- Active: 1916-19 1944 1959-61 1961-63 1963
- Country: United Kingdom
- Branch: Royal Flying Corps Royal Air Force
- Type: Wing

= No. 24 Wing RAF =

No. 24 Wing RAF is a former Royal Air Force wing that was operational during the First and the Second World Wars and the Cold War.

==First World War==

24th (Training) Wing RFC was formed on 25 September 1916 at Wyton Aerodrome, it joined Northern Group Command on 10 January 1917. The wing controlled Wyton, Harlaxton Aerodrome & Spittlegate Aerodrome with the wing moving to Spittlegate on 24 March 1917, the wing then moved to Grantham during October 1918 and moved to 12th Group RAF during March 1919 and was disbanded on 8 April 1919.

==Second World War==

No. 24 (Base) Defence Wing RAF was formed on 16 February 1944 under No. 85 Group RAF at RAF Acklington it controlled:
- No. 147 Airfield Headquarters RAF
- No. 148 Airfield Headquarters RAF
The wing moved to RAF Blakelaw on 15 March 1944, then to RAF Stapleford Tawney on 27 April 1944, then to RAF Wartling on 3 May 1944, where it was disbanded on 12 May 1944.

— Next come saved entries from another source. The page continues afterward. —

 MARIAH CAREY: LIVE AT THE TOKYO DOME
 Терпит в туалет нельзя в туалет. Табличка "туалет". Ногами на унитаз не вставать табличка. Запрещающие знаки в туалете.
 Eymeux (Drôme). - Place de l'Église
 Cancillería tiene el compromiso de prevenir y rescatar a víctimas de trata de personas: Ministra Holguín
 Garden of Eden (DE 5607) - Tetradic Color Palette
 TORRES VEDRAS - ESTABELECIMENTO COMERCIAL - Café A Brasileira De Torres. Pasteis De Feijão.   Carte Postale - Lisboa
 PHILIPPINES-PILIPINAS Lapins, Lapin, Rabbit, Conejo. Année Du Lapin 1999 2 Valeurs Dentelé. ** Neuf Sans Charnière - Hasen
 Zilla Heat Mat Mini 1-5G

No. 24 (Base Defence) Sector RAF was formed on 12 May 1944 at Wartling, it moved to Meuvaines, Boves, then St. Denis Westerem/Ghent on 15 January 1945 where it was disbanded on 16 March 1945 into No. 85 Group Unit RAF.
It controlled:
- No. 147 Wing RAF
- No. 148 Wing RAF

==Cold War==

The wing was reformed on 1 April 1959 at RAF Watton under No. 12 Group RAF as No. 24 (Air Defence Missile) Wing RAF controlling:
- No. 263 Squadron RAF
- No. 242 Squadron RAF
- No. 266 Squadron RAF

The wing was renamed to No. 24 (Surface to Air Missile) Wing RAF on 1 June 1961 controlling 263 & 266 Squadrons. On 1 February 1963 the wing was renamed No. 24 (SAM) Servicing Wing RAF still at Watton and disbanded on 31 August 1963.